South Africa was where I spent the next 7 months, 4 months in the Burn ICU, and 3 months in the ward recovering from the intense insults that had happened to my body. I was there with my family. My mom never left my side from the beginning up until this moment. She was quite my rock in the worst time of my life. That’s how that transitioned. I was there for seven months in South Africa before they decided that I was stable enough to be able to leave the hospital setting. That was when I came back to Nigeria for a brief amount of time before I made my way to America for the next phase of surgeries.
As I was reading you were sharing in your book, the dreams you were having during this time, and then how much you depended on those visits from your mom, and her coming to see you and read and play music for you. The thing that struck me was, it’s almost emotional to think about it, but you endured so much pain.
You say in your book that love was the reason that you fought to stay present in this world and not to let your body become an empty shell without the essence of Kechi in it. I’m hoping that you will let us learn from the riches you discovered in that time what you learned about healing through that completely redefining experience.
In the most concise way, I learned that healing is multifaceted. There’s no way you can possibly heal in one way. When something happens to us, no matter how big or small, if it’s something traumatic, the healing that has to happen can’t happen in one way. It has to be a whole combination of different sorts of healing.
That was what I experienced because even though the worst of my injury was physical, there was still a lot of emotional, spiritual, mental, and psychological healing that had to happen. Having the right people around me and having them feed me the right things, messages, and behaviors also helps. It added a flavor to the healing that I was going to have aside from the physical because physical is surgeries. That’s a technical thing. That’s something that is objective, and it will be done no matter what. The way that I decided to heal in every other way was what mattered more.
That’s the main thing that I learned throughout my journey and this process of healing and becoming a burn survivor. I also learned in the worst of it, which is when I was mostly numb, and my life was hanging in the balance. I learned a lot about willpower and something about the strength that comes from inside that is necessary to drive you forward in life. You can’t base anything on your identity or any reason why you do the things you do on another human being.
For me, that was a major thing to struggle for because my mom was my person. As far as I was concerned for a long time, she was that representation of God on earth for me. She was who I could see and feel and touch. She was the person standing in the middle and interceding for me. It was so hard to let go of that because she was tangible.

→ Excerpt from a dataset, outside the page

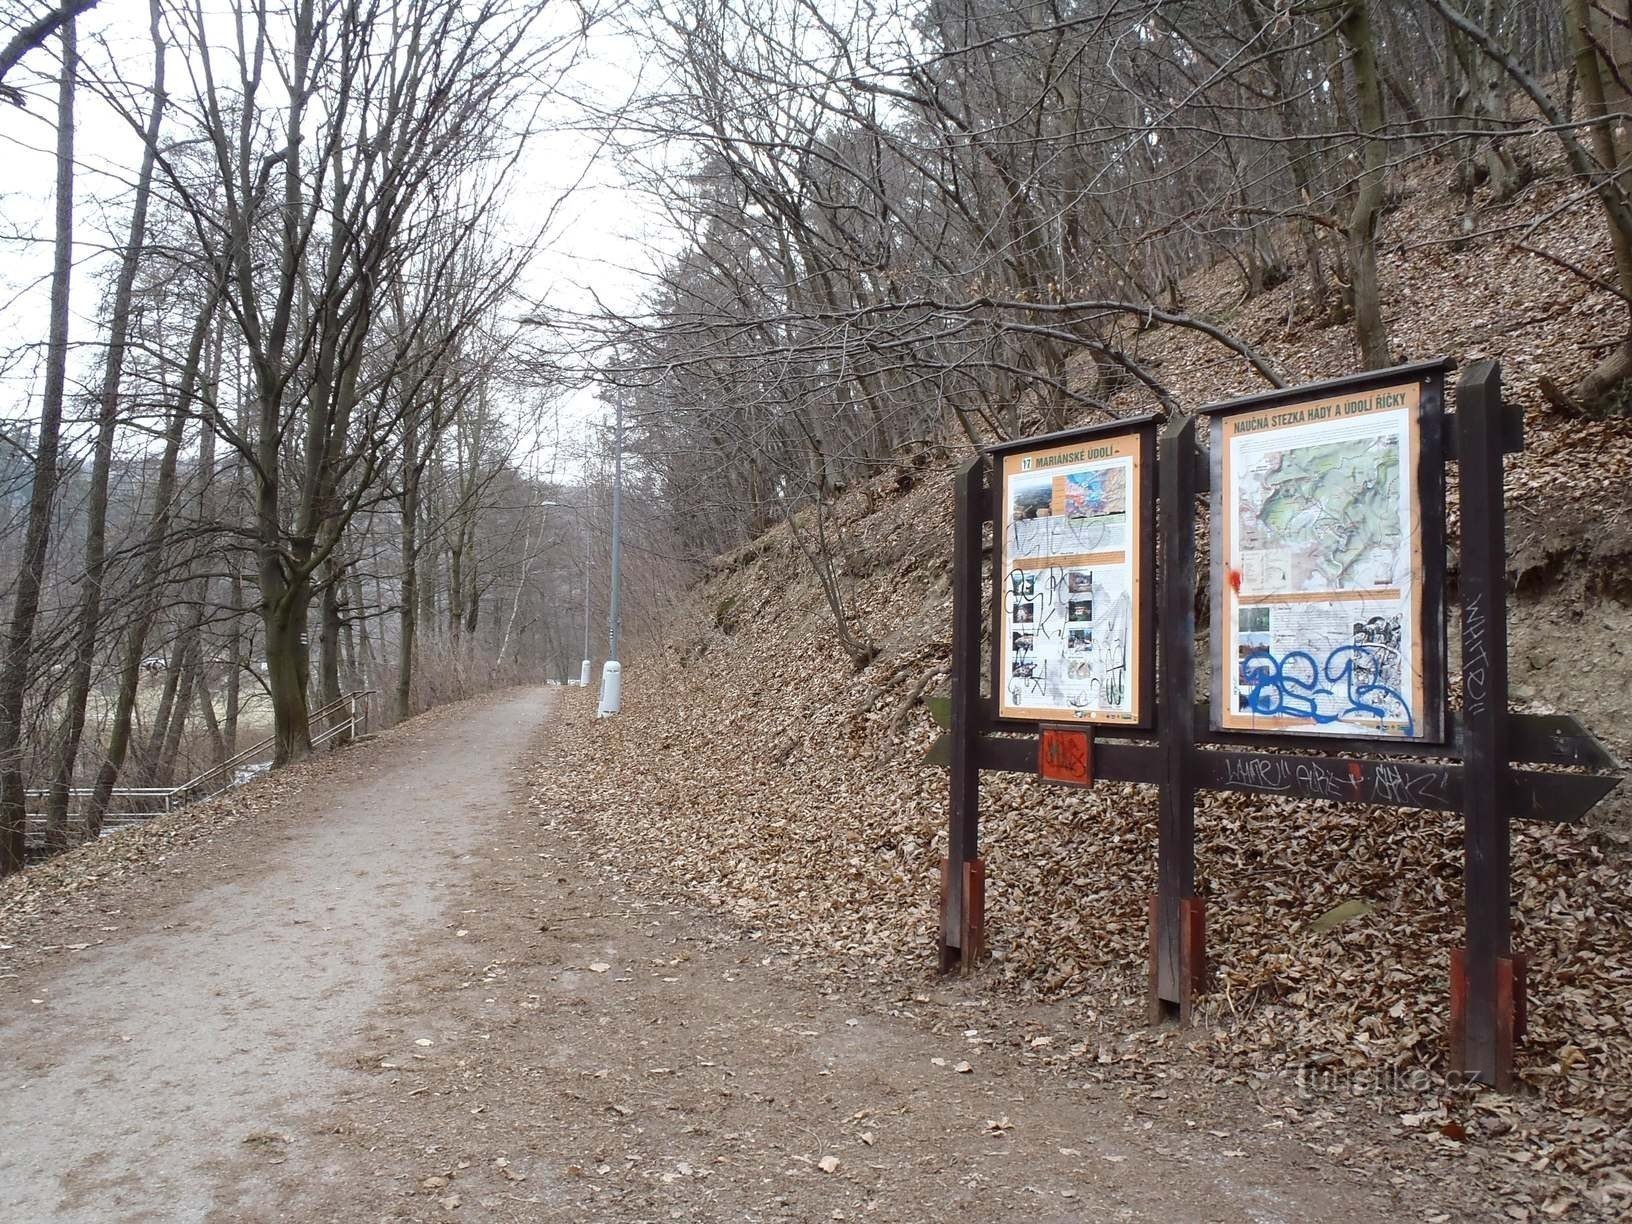 Jena ze ścieżek do Mariánské údolí (niebieski i czerwony znak) - 6.2.2012 lutego XNUMX r.

The issue came when she became weak and needed to draw strength from somewhere else for herself. When she’s dry, then I’m dry. I realized that wasn’t sustainable because that meant that we had to get our strength from an infinite source. We had to draw our willpower and the reason why we do things from a source that will never run dry.
It was so hard for me to transition from that source being my mom, her being my reason for everything, for waking up and breathing to God, who is a source that will never run dry and who is the person my mom goes to when she runs dry. That was the biggest struggle for me transitioning and understanding that thing that he put inside us, which is every single one of us have it, that strength, resilience, and the strength of the human spirit.
That was something I had to dig deep down inside, find, hold onto, and use as my reason for living and staying on this earth. It couldn’t be my mom or any other person because these are all human beings like me. We are limited. I’m learning how to grasp onto something more solid and infinite as my reason to stay in this world.
Every other thing, including my mom, will be the extra stuff that God gives to us in life. It was a gradual process. It’s still something I’m struggling with now. That’s the point of this journey of faith. It’s a lifelong one. The point is to get better each day, and if you fall, you get back up. There’s no comparison to anyone else’s journey or walk. That’s what I learned most in that time.
You share about this in your boo. It seemed that from the way you shared it, it was this decision that you made. There were some dreams that you had that pressed you on this decision. Your grandma made a comment. Read the book to know all the details. To your mom, there was this supernatural series of events, and then you decided, “I’ll start talking to God for myself.” What happened when you listened to that, and you did?
It was interesting. I know what I expected. I expected dramatic revelation, something very intense and obvious in the way that God would reach back out to me. What I learned was that everything is a journey. The most important thing is you cannot avoid working for them. The main thing that I learned during that time was that God had done the part that a man and I could not do, which was to save me from a plane crash. That is quite literally a miracle. My life and the life of the other survivor who’s now my friend are miracles.
That is something that no human being could have done. There was a part of this journey that had to come from me, and that was me choosing God and choosing him as my resting place. Learning to pray, delve deep, and understand him was a very new experience for me because I’d never done anything like that before prior to the accident.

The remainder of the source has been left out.